When a user submits a proposal (e.g. a mint):

  1. The feature service asks TRANSACTION_BUILDER to build the appropriate MsgSubmitProposal (wrapping the inner x/group or x/cbdc message) plus the proposer's vote, using EXEC_TRY so it executes the moment the threshold is met.
  2. The custody module signs the tx bytes with the proposer's encrypted key (chain-tx-executor.service.ts).
  3. CHAIN_BROADCAST submits the signed tx and waits for inclusion.
  4. If the proposer's vote alone meets the policy threshold, the chain executes immediately; otherwise the proposal stays open for other members to vote.

Custody

The custody module (apps/api/src/modules/custody/) manages per-user signing keys:

  • Keys are AES-256-GCM encrypted at rest with the server secret CUSTODY_SECRET.
  • chain-tx-executor.service.ts decrypts in-memory, signs, and broadcasts — the plaintext key never leaves the module.

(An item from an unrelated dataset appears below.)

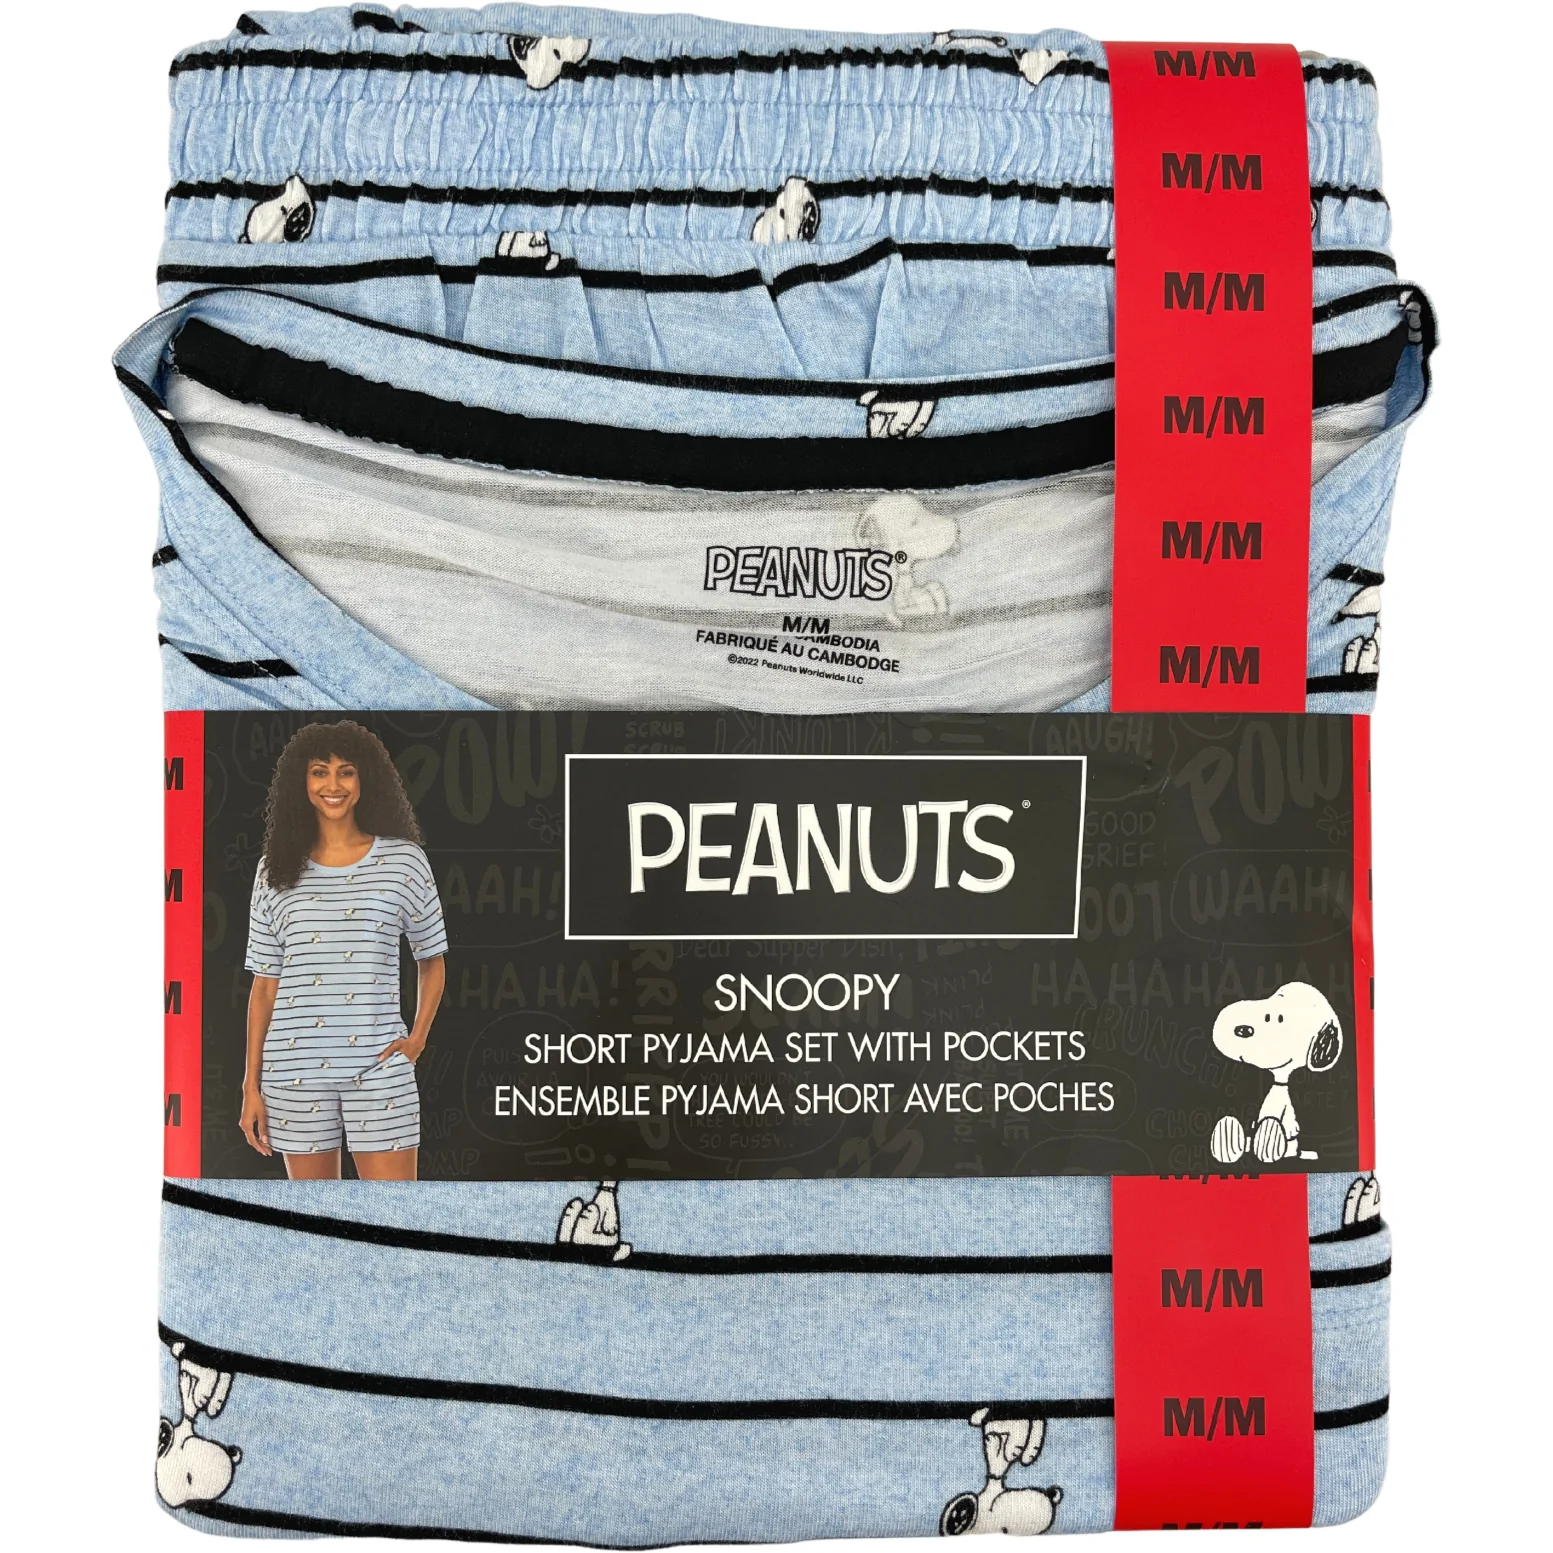 Peanuts Women's Pyjama Set / 2 Piece Set / Snoopy Theme / Blue & Black / Size Medium

cbdc-node is an Ethermint-based Cosmos SDK fork, so signing uses eth_secp256k1 (HD coin type 60) and the /ethermint.crypto.v1.ethsecp256k1.PubKey pubkey type — see scripts/setup-chain.ts for the canonical signer.

Instant payment memo encryption

A cross-organization instant payment settles as a real MsgSend of wholesale CBDC between the two banks' ops accounts. The payment's retail details (sender/recipient, paymentId, free-text reference) travel in the transaction memo, which is encrypted so only the two banks can read it — a block-explorer watcher sees an opaque ip1.… token, not who paid whom or the concept. The wholesale amount and the two bank ops-addresses stay visible on-chain.

It uses envelope encryption sealed to both banks' ops-account secp256k1 pubkeys (AES-256-GCM content key, wrapped per bank via ECDH + HKDF-SHA256). See Instant Payment Memo Encryption for the full scheme, on-chain format, and decryption flow.

The chain itself

apps/chain only wraps the chain: a Makefile builds the cbdcd binary from the git submodule at apps/chain/node (repo Peersyst/cbdc-node) and init-chain.sh runs a single-node localnet. The custom x/cbdc module provides the MsgMint / MsgBurn messages (/cbdc.MsgMint, /cbdc.MsgBurn); multisig governance uses the standard Cosmos SDK x/group module. The submodule source is not vendored into this repository.

Swapping the chain

Because consumers depend only on the four interfaces, supporting a different chain means writing new adapters under chain/ and re-binding the tokens in chain.module.ts — no changes to feature services, controllers, or the frontend.